**Prompt**
Everything in the listing below should be written out again exactly, except the pictures.

**Available data**
[Start of Attachment]

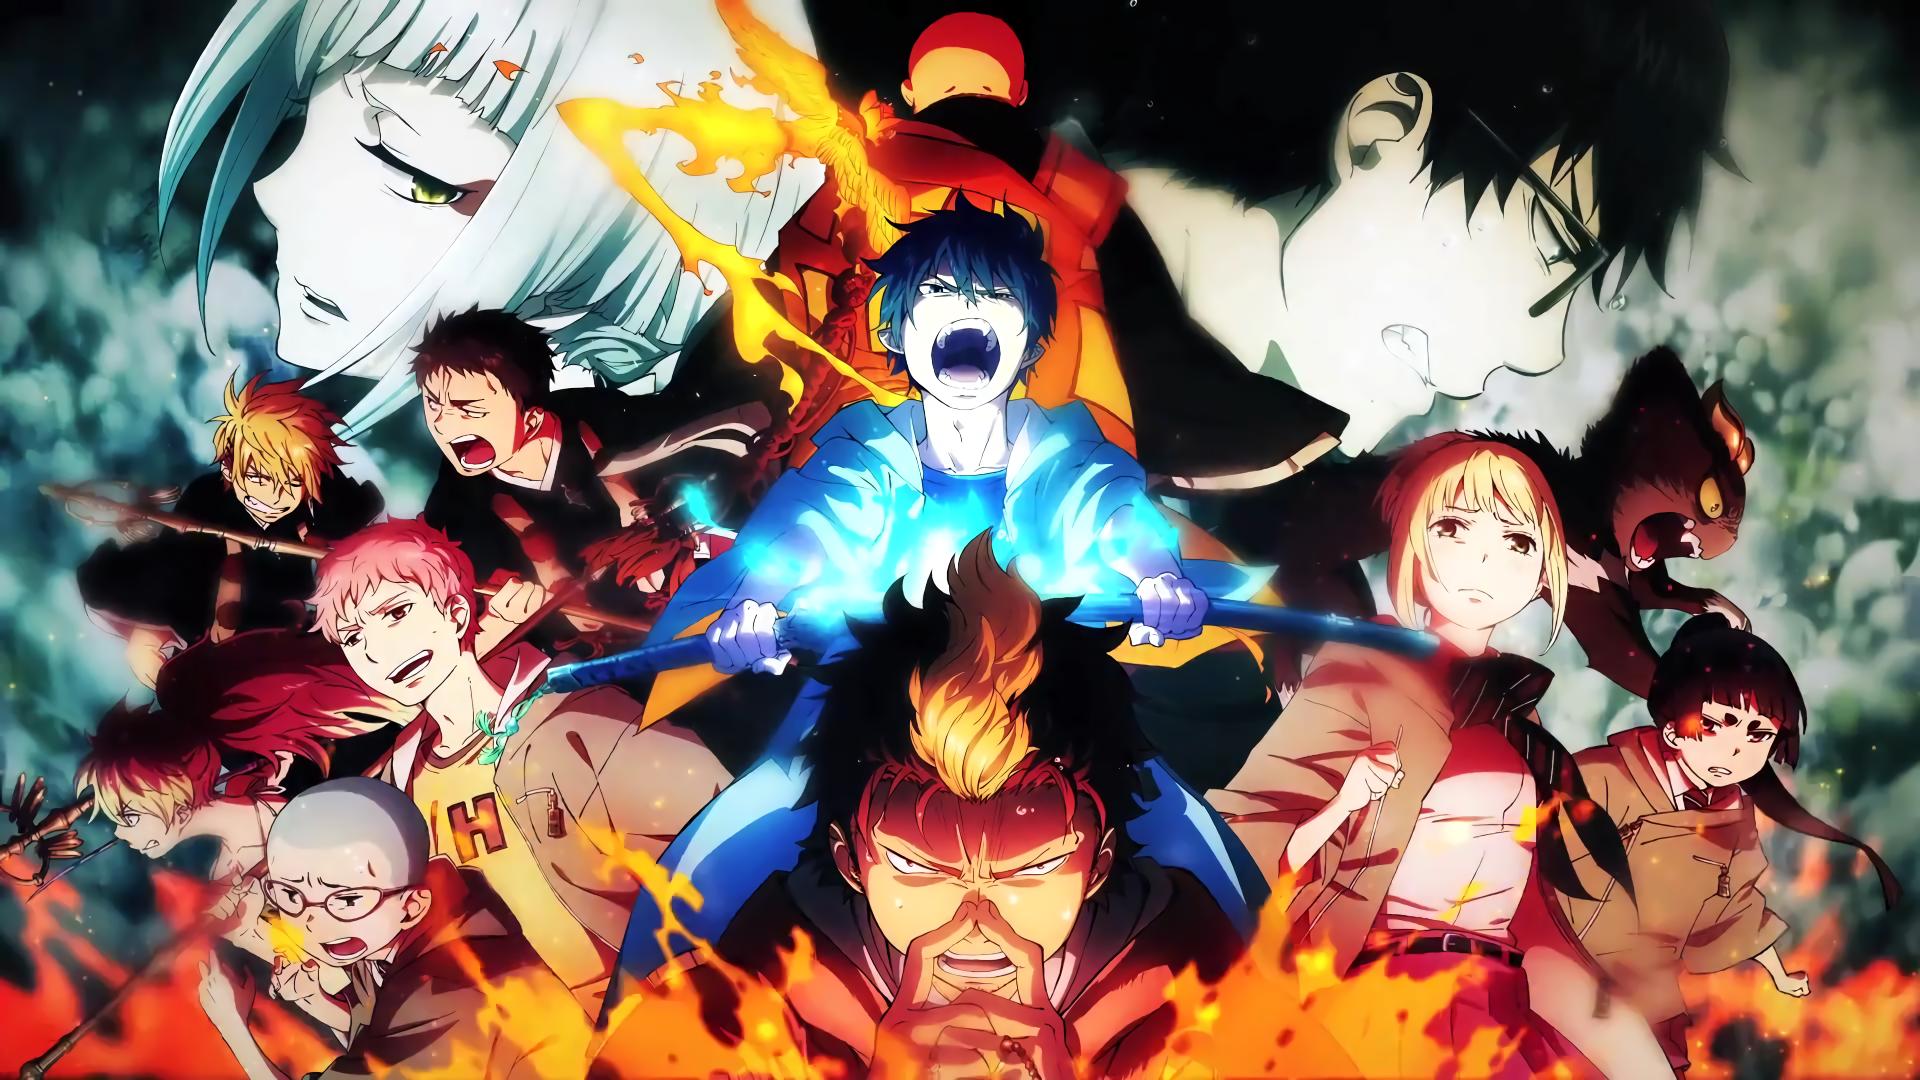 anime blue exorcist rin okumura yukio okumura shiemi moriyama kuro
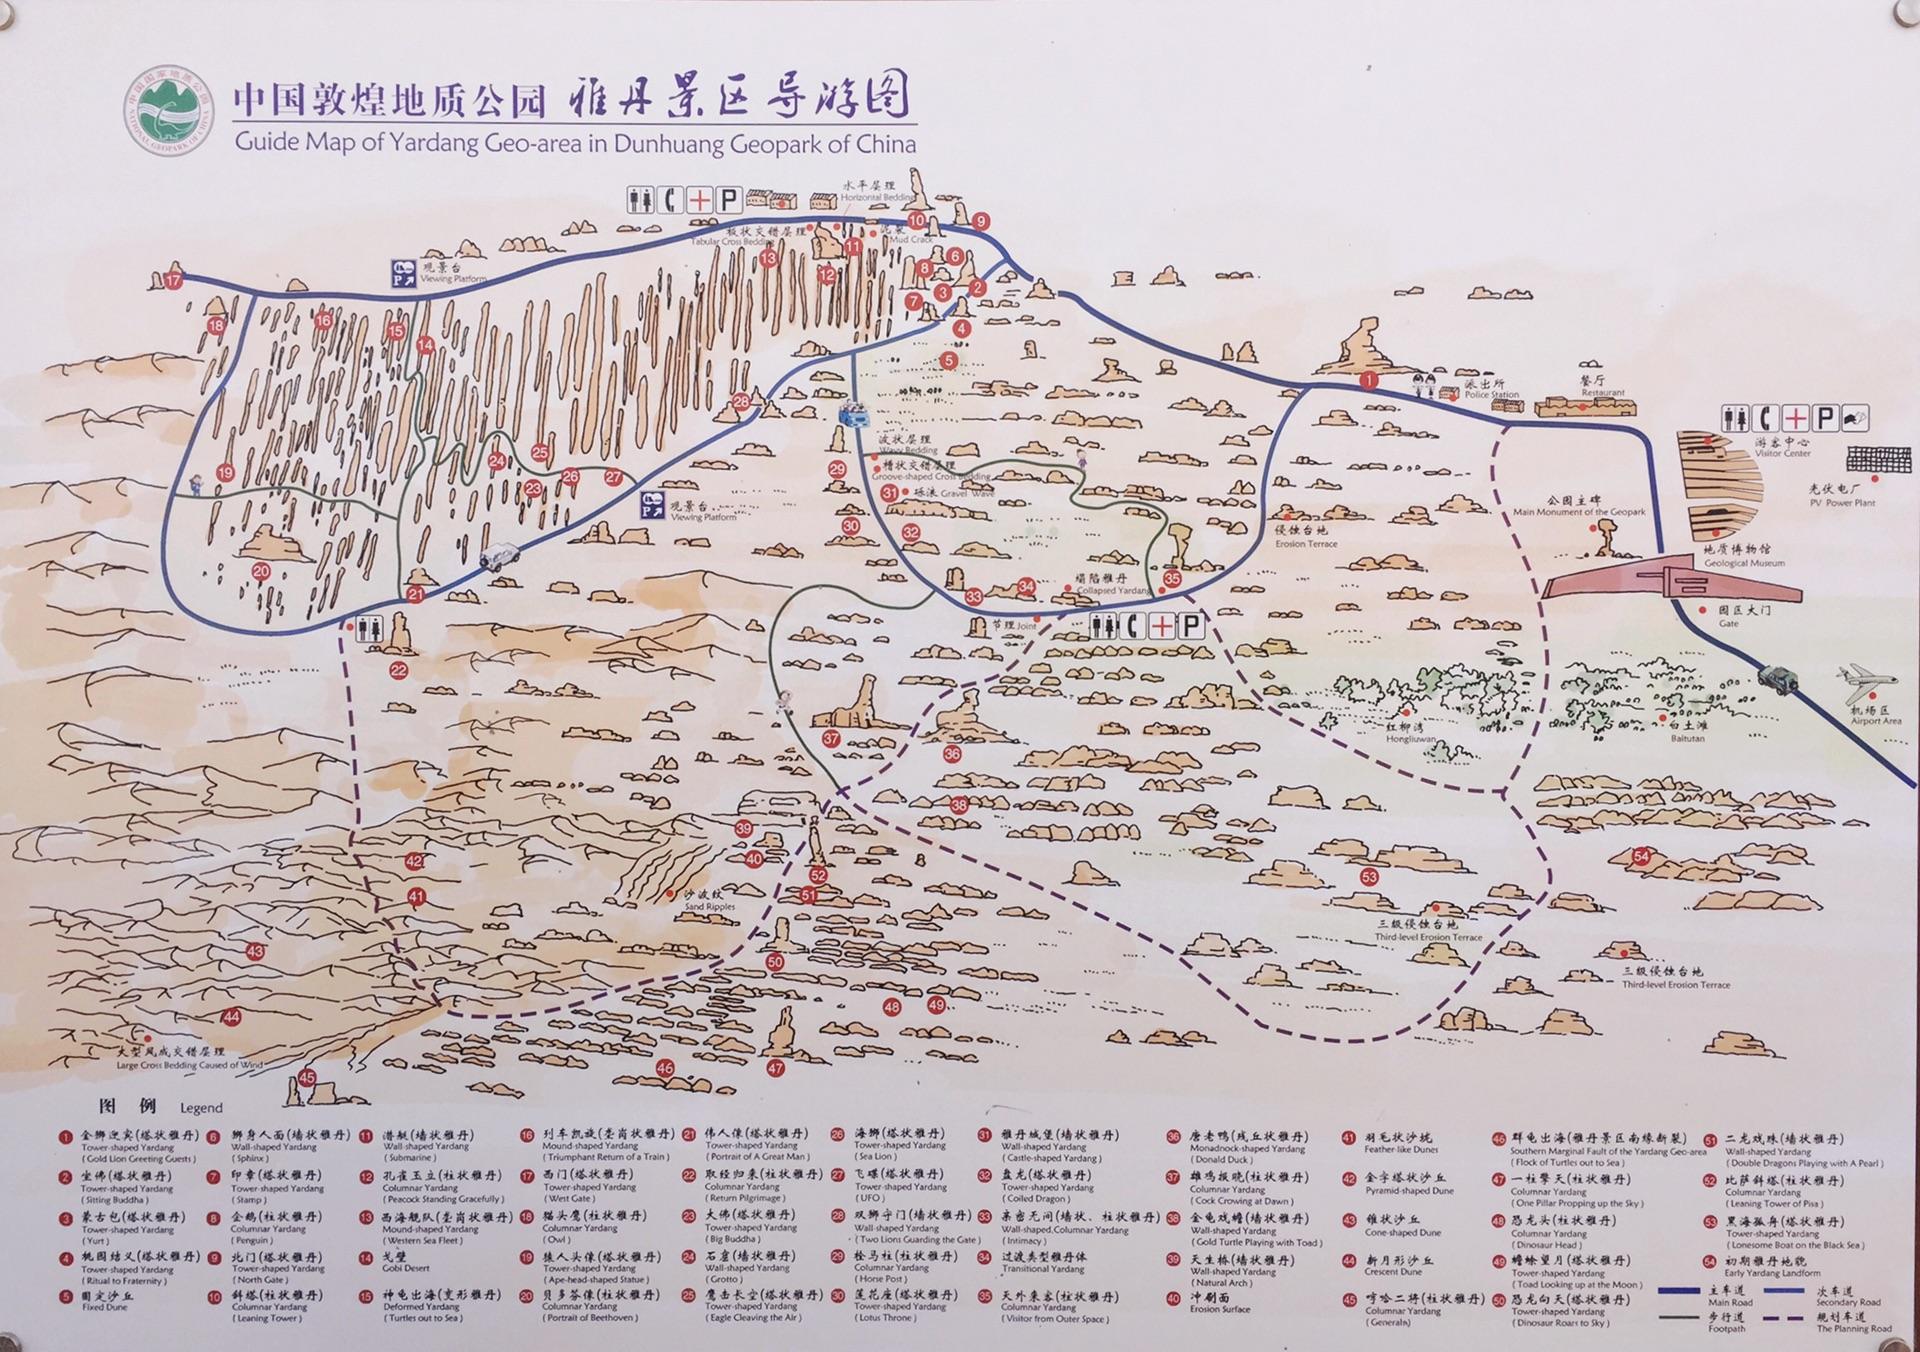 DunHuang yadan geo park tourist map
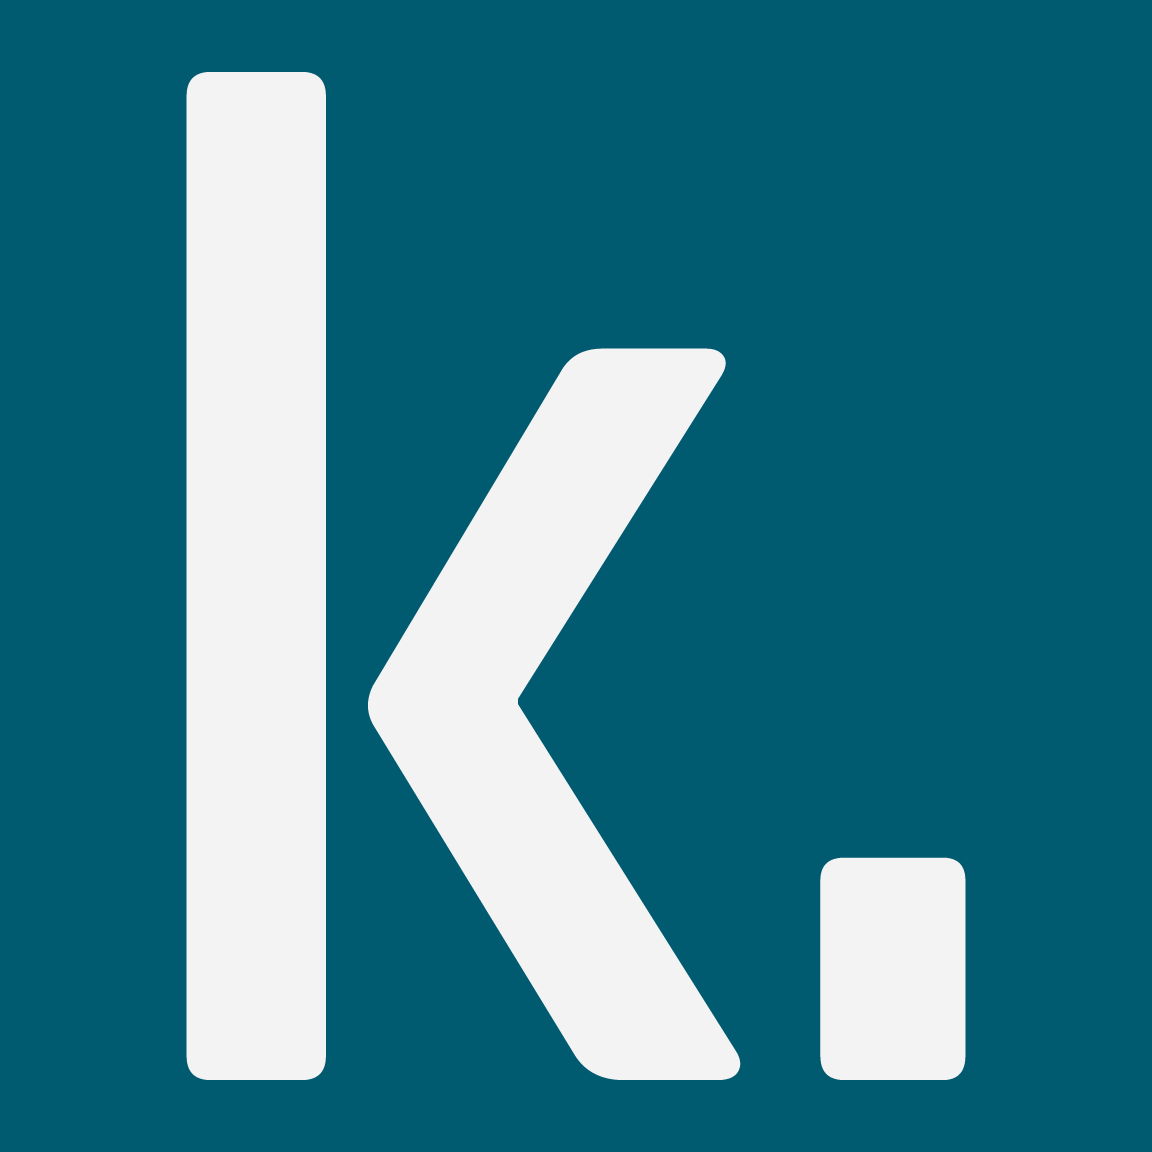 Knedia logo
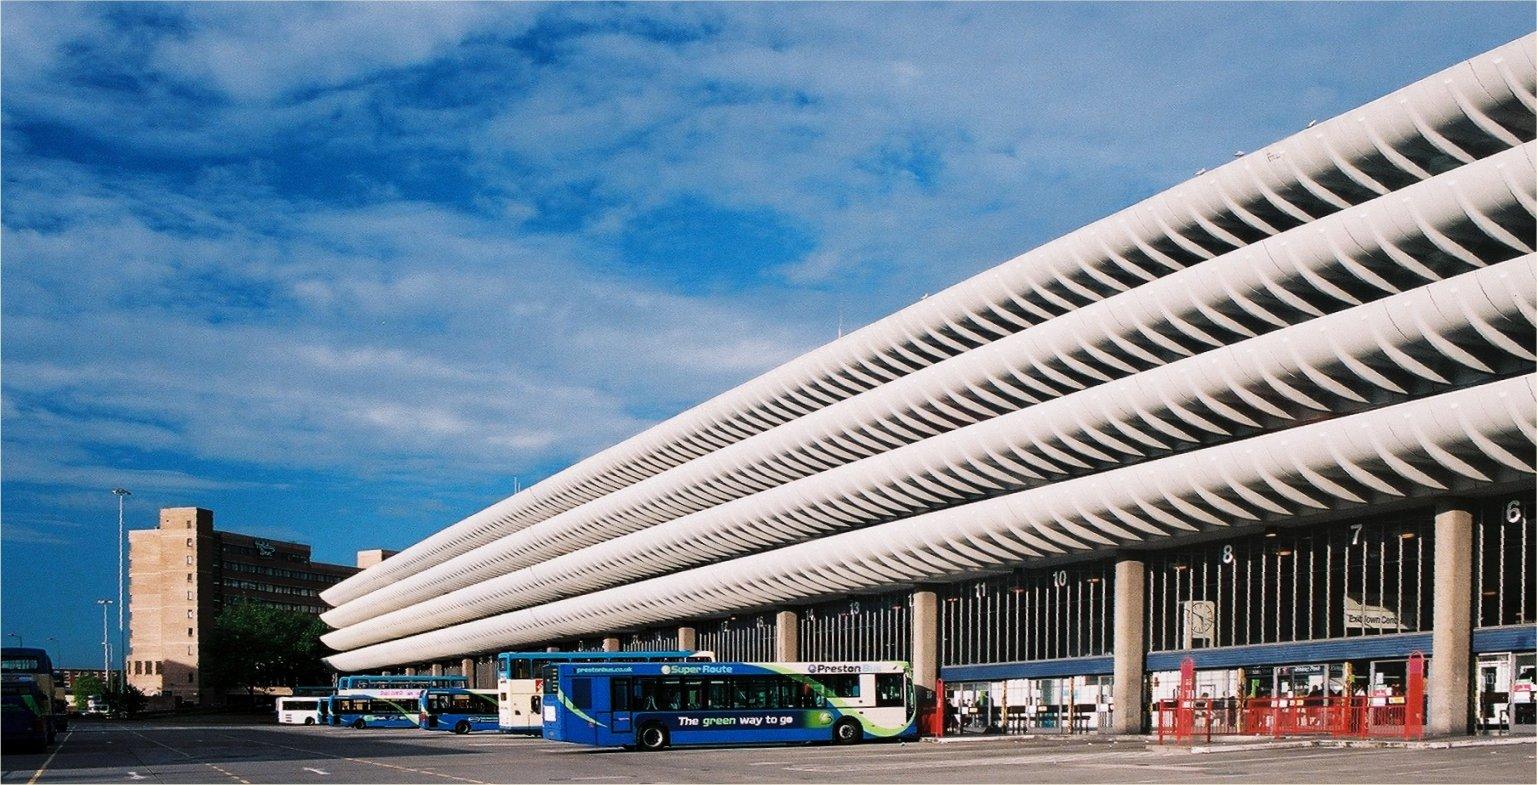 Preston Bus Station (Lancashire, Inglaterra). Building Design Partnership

[End of Attachment]

**Reply to the task**
 anime blue exorcist rin okumura yukio okumura shiemi moriyama kuro
 DunHuang yadan geo park tourist map
 Knedia logo
 Preston Bus Station (Lancashire, Inglaterra). Building Design Partnership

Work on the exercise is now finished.